Mythical daughter of Hypseus

In Greek mythology, Themisto (/θəˈmɪstoʊ/; Θεμιστώ) was a Thessalian princess as the daughter of King Hypseus of Lapiths and the naiad Chlidanope. Her name is derived from the Ancient Greek word: "θεμιστος" which means "belonging to the law", or "belonging to the customs".

== Family ==
Themisto's sisters were Cyrene, Alcaea and Astyagyia. She was the third and last wife of Athamas, a Boeotian king. According to some sources, the couple had four children: Leucon, Erythrius, Schoeneus, and Ptous. In other sources, there were but two: Sphincius and Orchomenus, or else Schoeneus and Leucon.

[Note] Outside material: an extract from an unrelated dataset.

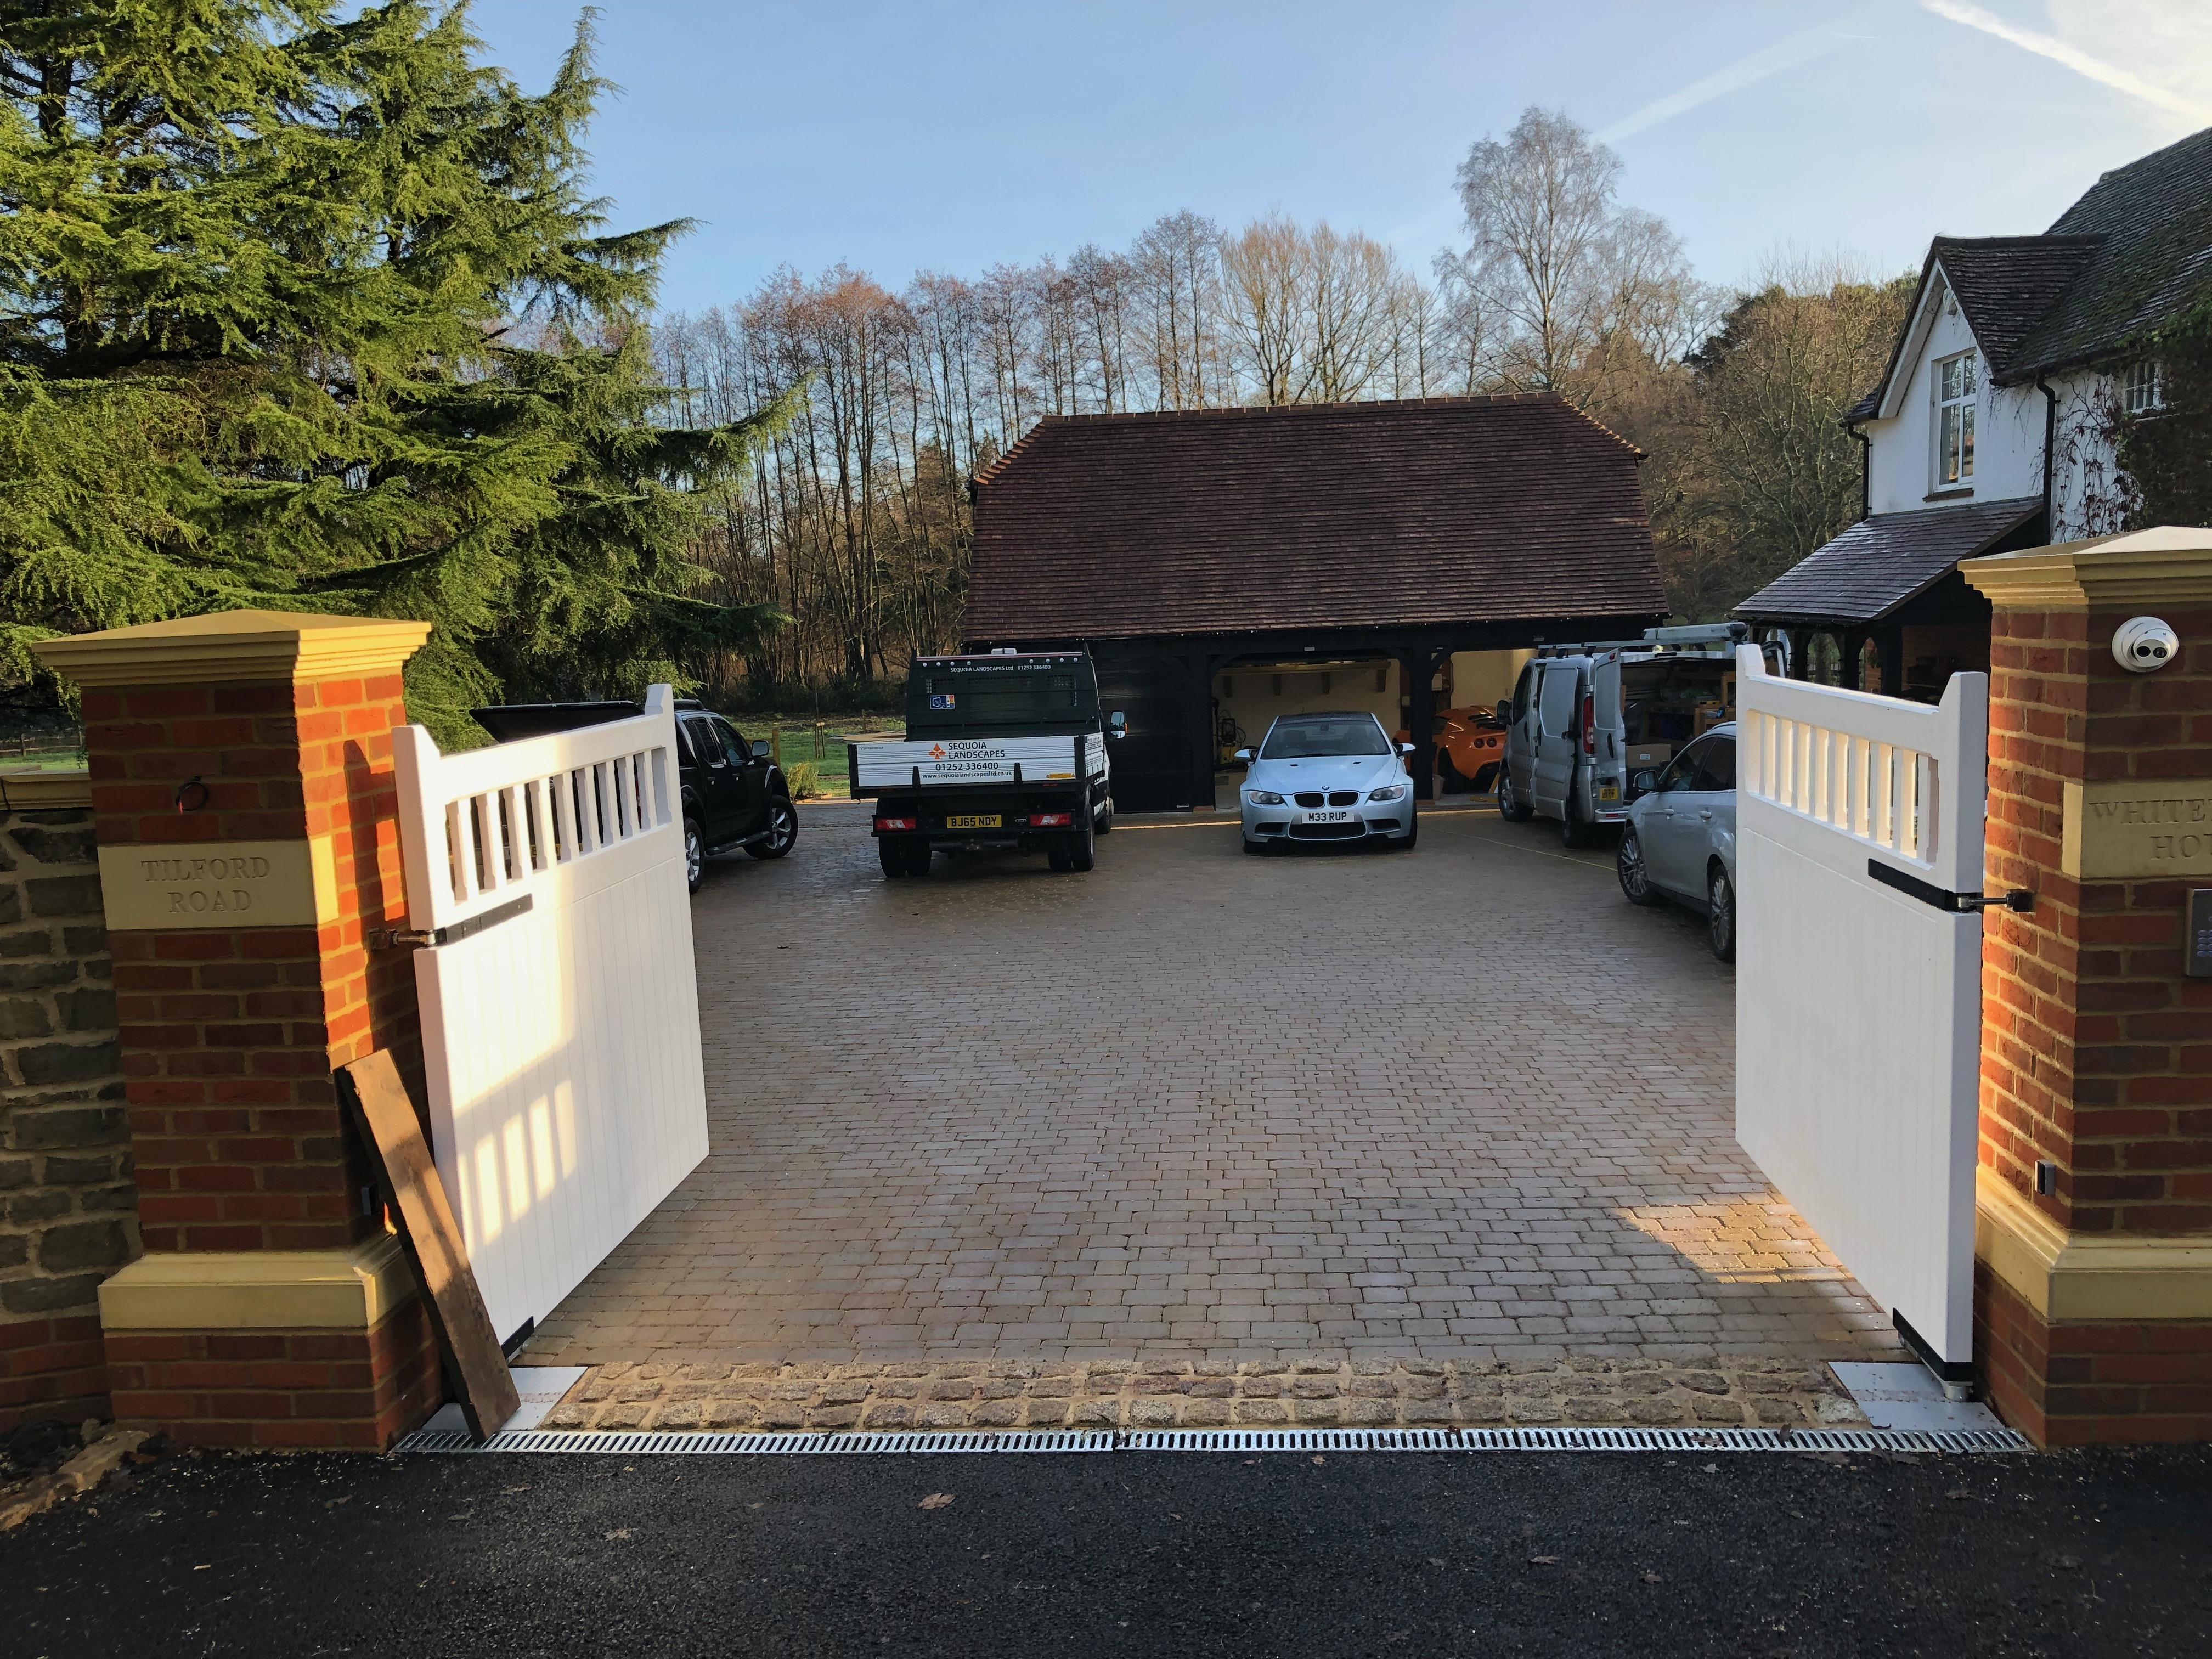 Farnham front garden

Some say that the father of Leucon was Poseidon (see also Leuconoe).

== Mythology ==
Themisto intended to kill her husband's children by his previous wife, but accidentally slew her own sons. This was the subject of a non-surviving tragedy by Euripides, retold by Hyginus as follows. Athamas married Themisto as he believed his second wife, Ino, was dead, but Ino turned out to be alive and to have been on Mount Parnassus with the Maenads. Athamas had her brought home but kept her return a secret; Themisto did find out she was back, and resolved to kill Ino's children as an act of revenge. However, she had never seen Ino in person and took her for a servant as they met, and ordered the "servant" to dress all her own children in white clothing, and Ino's in black. Themisto then proceeded to kill all the black-clothed children. What Themisto did not realise was that Ino had switched the children's clothing, and so she in fact killed her own children. Upon discovering that, she killed herself. According to Pseudo-Apollodorus, however, Themisto married Athamas after the death of Ino, and the whole story with the murder of the children did not take place.